You should visit your vet if your dog’s constipation has been ongoing for 48 – 72 hours, if they appear to be in severe pain, or if they are experiencing other problems like vomiting and weight loss. All of these signs point to a digestive tract blockage, which can be life-threatening for dogs. Most often, digestive obstructions are the result of your dog eating foreign objects like toys, rocks, and bones. These objects cannot pass through the intestines, leaving them stuck. Here, they cause severe injury to the digestive tract.

You must take your dog to the vet as soon as possible if you catch your dog eating a foreign object, or if they show signs of a blockage. Your vet can give your pet medicine to make them sick if it is safe to do so. Never attempt to make your dog vomit at home as it can cause life-threatening complications.

What happens when it is untreated?

Severe constipation leads to obstipation, which leads to megacolon in dogs. For dogs, obstipation is characterized by chronic constipation and the inability to pass masses of hard, dry feces. This can cause impaction that extends from the rectum to as far back as the ileocolic valve of the small intestine. Once a dog’s constipation reaches this point, simple home remedies are no longer an option. Surgery is often necessary to remove the impaction, and your dog may need aggressive re-hydration. Without treatment, obstipation leads to acquired megacolon. This refers to the permanent distention of the dog’s colon.

Will dog constipation go away on its own?

Mild cases of dog constipation are often self-resolving. This is because day-to-day things can cause constipation, such as stress and dehydration. Once these stressors are dealt with, most dogs return to passing normal feces. However, in cases that are caused by underlying health problems, the resolution isn’t so simple. For dogs with spinal injuries, tumors, or renal issues, the underlying problem must be addressed by a vet if their digestive issues are to go away. If your dog’s constipation goes on for 48 to 72 hours, never wait to see if it will go away on its own.

Does dry food cause constipation in dogs?

The cheapest, lowest-quality dry dog food may contribute to constipation in dogs. This is because it often lacks the fiber and moisture that your pooch needs for their digestive health. Your pup needs a nutritionally complete and balanced diet for their overall health, so be sure to check with your vet for dog food recommendations! By speaking with a professional, you can get the best food for your dog’s age, health, breed, and health conditions. For example, a pregnant dog needs different food from another adult dog, as her dietary needs change a lot. From six weeks of pregnancy, a dog needs food that is highly digestible and higher in energy, protein, and minerals like calcium and phosphorus. Without these changes, a pregnant dog will be unable to support herself and her puppies, leading to issues with constipation.
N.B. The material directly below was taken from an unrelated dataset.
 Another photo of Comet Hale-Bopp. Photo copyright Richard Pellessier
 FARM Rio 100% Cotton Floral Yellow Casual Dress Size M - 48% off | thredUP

Can I give my dog oatmeal for constipation?

Oatmeal is high in fiber and can benefit your pup in several ways. it’s also a great alternative source of carbohydrates for dogs who are sensitive to grains and wheat. If you opt to give your dog a serving of oatmeal, make it with water rather than milk. Dogs are sensitive to dairy products, so adding milk can cause your dog more digestive upsets! Your dog’s oatmeal must also be cooked and plain, free from additives like salt or butter. For dogs, just one tablespoon of oatmeal per 20 pounds of body weight is enough. Feeding your dog too much oatmeal can cause diarrhea and gas.

Constipation in dogs is extremely common. It has several causes, ranging from stress to spinal injuries. If your dog suffers from constipation for 48 to 72 hours, always contact your vet right away. And, as always, it’s best to ask your vet before giving your pet any home remedies for dog constipation.